Variable use of network transport: A subscriber base of 50 million retail consumers will generally leverage a mobile network for one common use case. That is a network management and support luxury not afforded to operators with IoT programs. Ten million connected devices comprised of 1,000 different enterprise programs means the operator will support 1,000 distinct use cases and workflows across this device population.
The only way to operate successfully under these conditions is to provide platform flexibility that enables a customized user experience. I am fortunate enough to be surrounded by the best engineers and developers in the business, and without access to this Silicon Valley talent, I would not be able to support the unique network capabilities, billing and rating flexibility or provisioning and supply-chain requirements that my customer base demands.
The attack of the machines: The early days of M2M – where each new customer deployment constituted a distributed denial-of-service (DDoS) attack on network and system resources – might have passed. But the fundamental characteristics of machine behavior remain.
Machines lack the graceful randomization of consumer traffic. If 50,000 humans were told to initiate the same action on the network at the same time, there would naturally be some deviation from the expected behavior. Now when 50,000 machines are programmed to do something at a time-synchronized interval, they will do that very thing, and they will be relentless in getting what they want from the network. Machines also lack the intelligence to back off when faced with unexpected conditions (whereas humans are pre-programmed with a tendency to give up out of frustration and lodge a complaint with their service provider).

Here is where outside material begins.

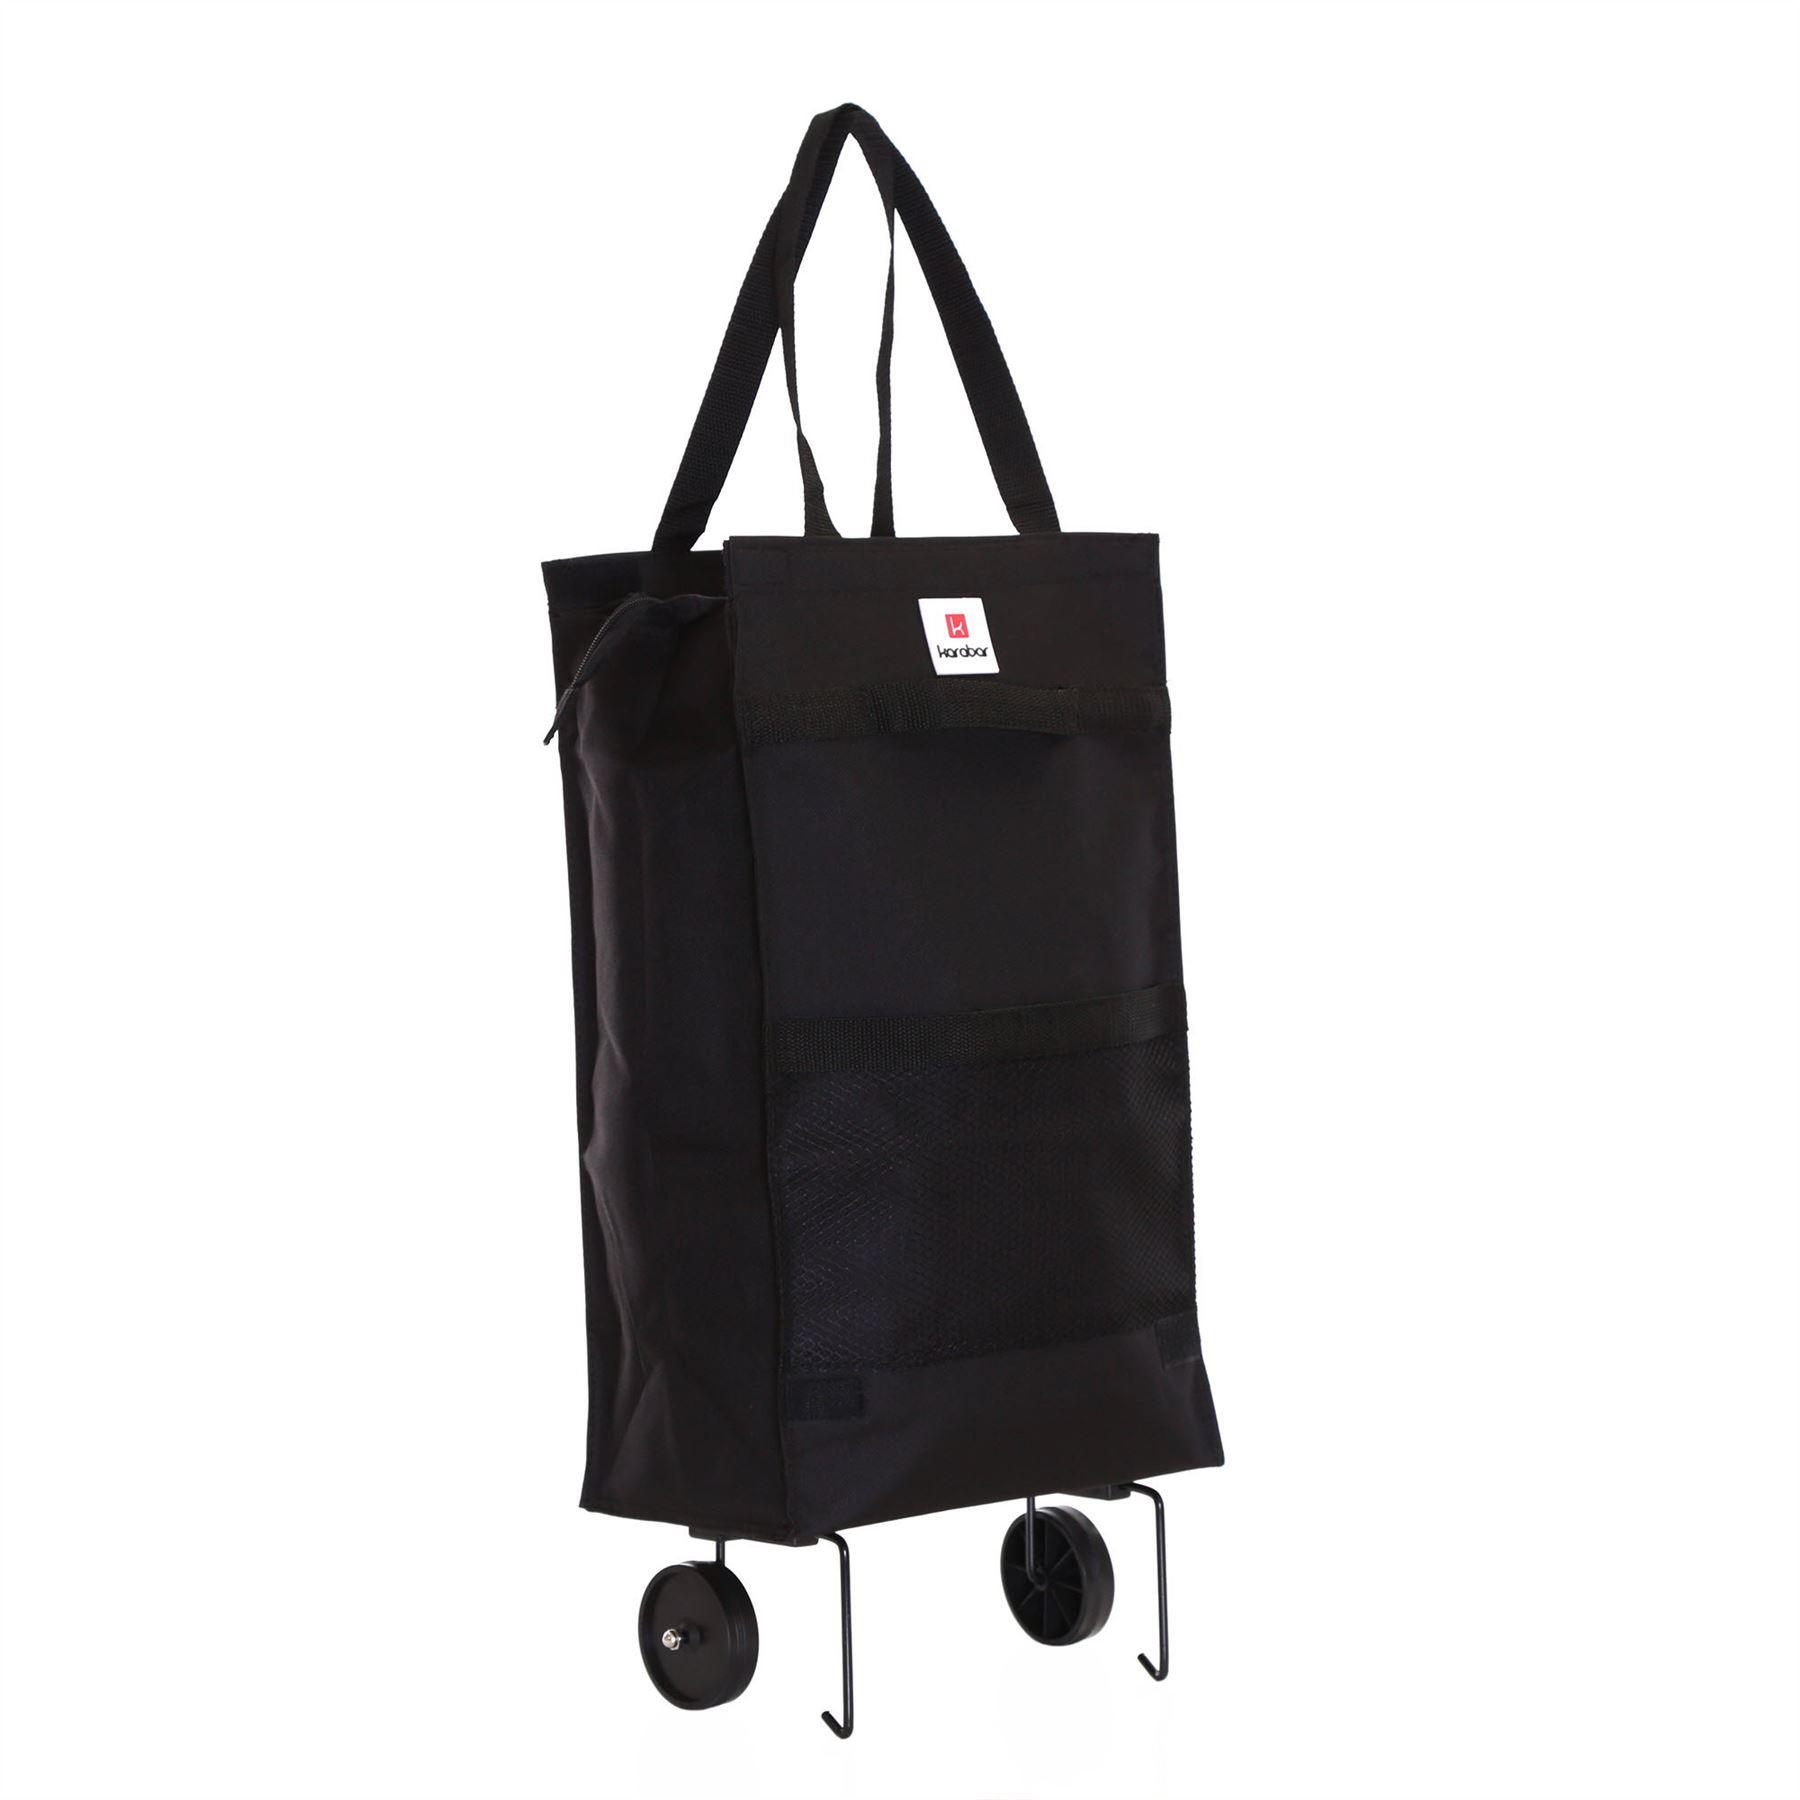 karabar foldable lightweight wheeled shopping shopper trolley luggage bag case ebay. Black Bedroom Furniture Sets. Home Design Ideas

All of this means the service provider must operate with a couple of principles in mind. First, the network service must be available every second of the day. In an environment where a 30-second interruption to any leg of signaling, control plane or user plane service can drive a 10x-20x increase in machine transactions, keeping services available is by far the easiest and least expensive option for the operator. Secondly, when the invariable traffic spike comes (keep in mind that an outage within the customer premise will drive the same behavior), we require the capability to tune our network and systems infrastructure to handle the event gracefully. Traditional load balancing and horizontal scalability can take us only so far – a practical limitation that is driving my own organization to push the envelope of virtualized network functions, elasticity and autoscaling.
The recent announcement of our Infinity Support program at Aeris was formal recognition that there is no easy path to success in IoT operations. Success requires constant collaboration, a best-in-class customer base who win in their respective verticals, and a team of M2M experts who pull it all together, recognizing that if we don’t get a little bit better today we will fall behind.

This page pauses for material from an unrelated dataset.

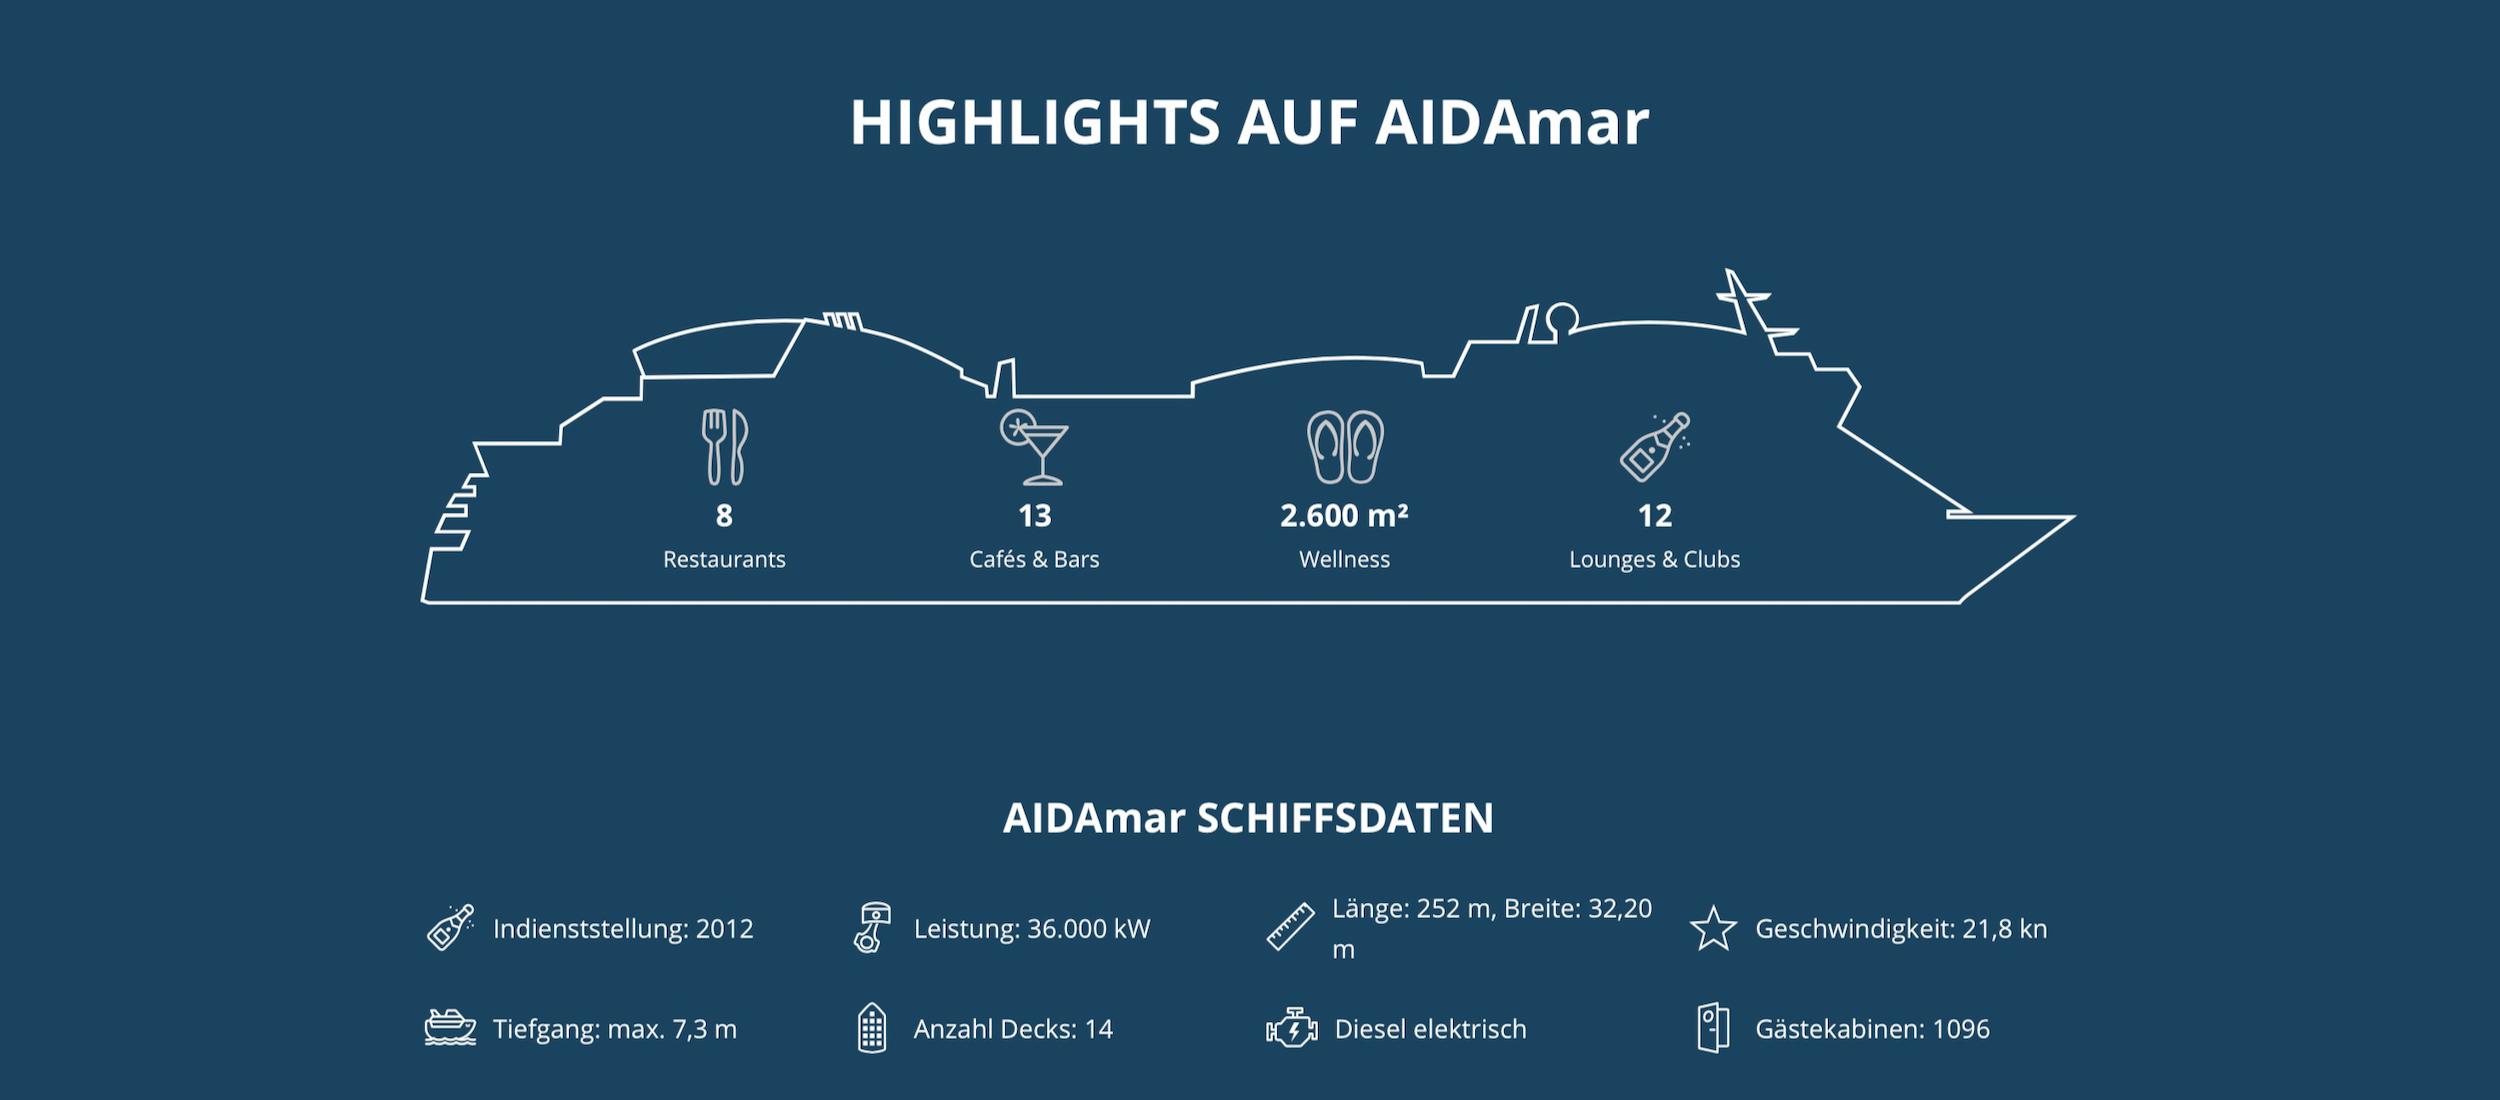 aida-cruises-ships-aidamar-daten

This has by no means been a full account of the challenges we face in operating networks and platforms for the IoT marketplace, but it highlights a common theme. To be successful, we must be willing to evolve and adapt to an ever-changing set of requirements, and our systems must be flexible and innovative to allow us to do so profitably.
John Molise is vice president of operations for Aeris Communications, responsible for day-to-day operations of the Aeris network and services platform.